You can set your own when creating the handler:

Terminal window
toq handler add support --provider openai --model gpt-4o \
--prompt "You are a customer support agent for Acme Corp. Be friendly and helpful."

For longer prompts, point to a file:

Terminal window
toq handler add support --provider anthropic --model claude-sonnet-4-20250514 \
--prompt-file ./prompts/support.md

Conversations happen in threads. When an agent sends a message, it includes a thread ID. The LLM handler keeps track of the full conversation history for each thread, so every reply has the context of everything said before it.

Threads don’t stay open forever. There are two ways they can close: automatically after a set number of turns, or when the LLM decides the conversation is done.

If you don’t specify any flags, the handler allows up to 10 back-and-forth exchanges. On the last turn, the daemon appends “this is your final response, wrap up naturally” to the system prompt, and then sends a thread.close message after the reply. The LLM itself has no control over when the thread closes.

Terminal window
toq handler add chat --provider openai --model gpt-4o

You can change the limit:

Terminal window
toq handler add chat --provider openai --model gpt-4o --max-turns 5

With --auto-close, the daemon gives the LLM a close_thread tool. When the LLM decides the conversation has run its course, it calls the tool, and the daemon closes the thread. The tool is only offered starting from turn 2 so the LLM doesn’t close things prematurely.

Terminal window
toq handler add chat --provider anthropic --model claude-sonnet-4-20250514 --auto-close

With no --max-turns, there’s no hard limit. The conversation continues until the LLM closes it.

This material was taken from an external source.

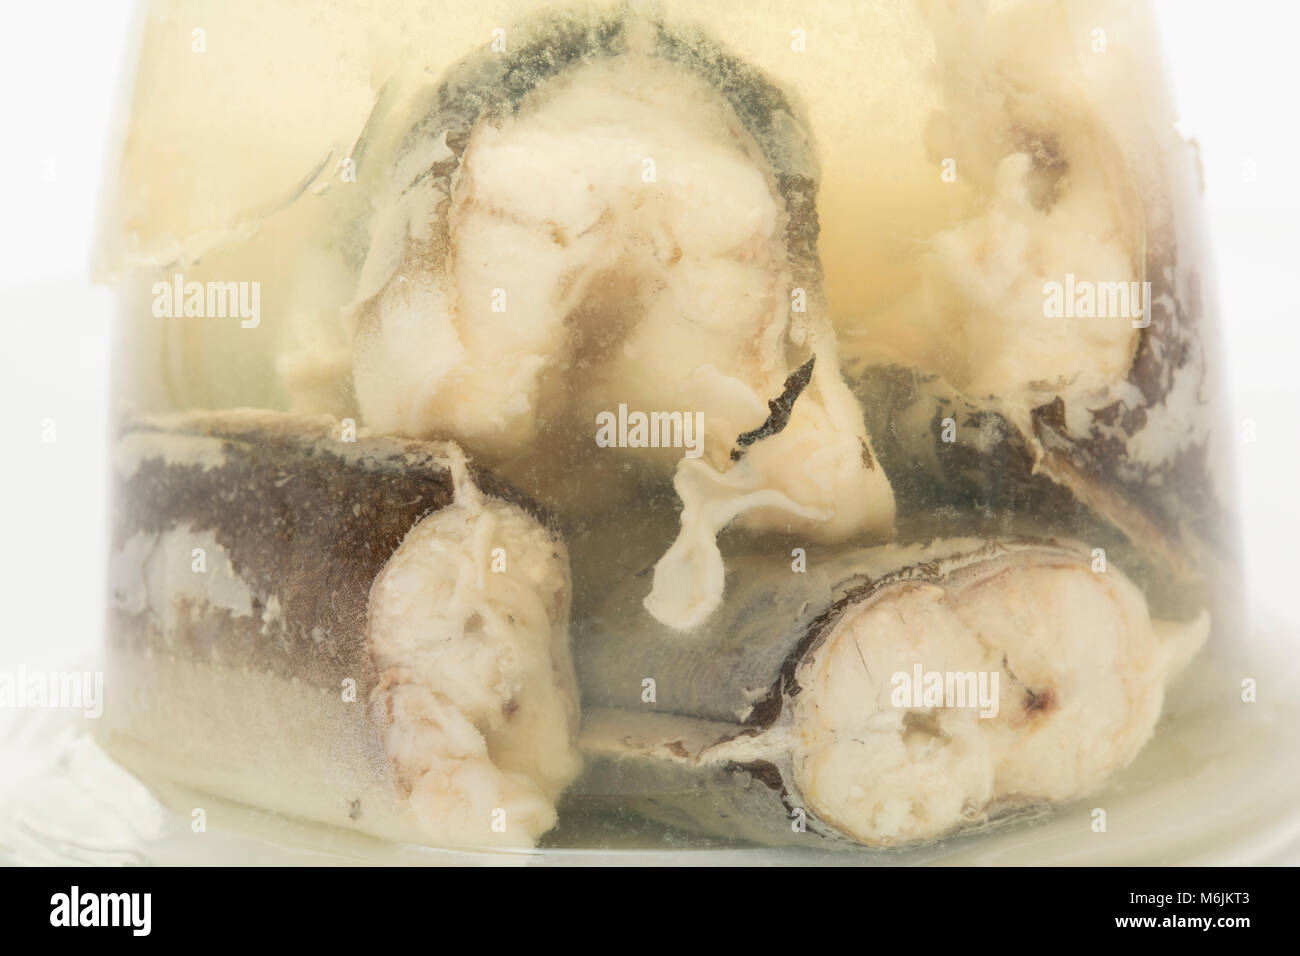 Les anguilles en gelée, Anguilla anguilla, acheté dans un supermarché en Angleterre UK GO Banque D'Images

You can use --auto-close with --max-turns as a safety net. The LLM can close the thread naturally at any point, but if it hasn’t by the turn limit, the daemon steps in and closes it.

Terminal window
toq handler add chat --provider anthropic --model claude-sonnet-4-20250514 \
--auto-close --max-turns 20

By default, a handler responds to every incoming message. If you want it to only respond to certain senders, you can add filters:

Terminal window
# Only respond to a specific agent
toq handler add chat --provider openai --model gpt-4o \
--from "toq://example.com/alice"
# Only respond to agents on a specific domain
toq handler add chat --provider openai --model gpt-4o \
--from "toq://example.com/*"
# Only respond to a specific public key
toq handler add chat --provider openai --model gpt-4o \
--key "ed25519:abc..."

You can add multiple filters. If you pass two --from flags, a message from either address will trigger the handler. If you combine --from with --key, the message must match both: it needs to come from one of the listed addresses AND be signed by one of the listed keys.

Terminal window
toq handler list # Show all registered handlers
toq handler remove <name> # Remove a handler by name

Handler config is stored in .toq/handlers.toml. You can also edit this file directly while the daemon is stopped.

API keys are read from environment variables only. They are never stored in config files, and they are never included in the context sent to the LLM.

The LLM has access to exactly one tool: close_thread. It cannot execute shell commands, read files, or access the network. Before any LLM response is sent back through the protocol, it’s scanned for credential patterns (API keys, AWS secrets, bearer tokens) and anything matching is redacted.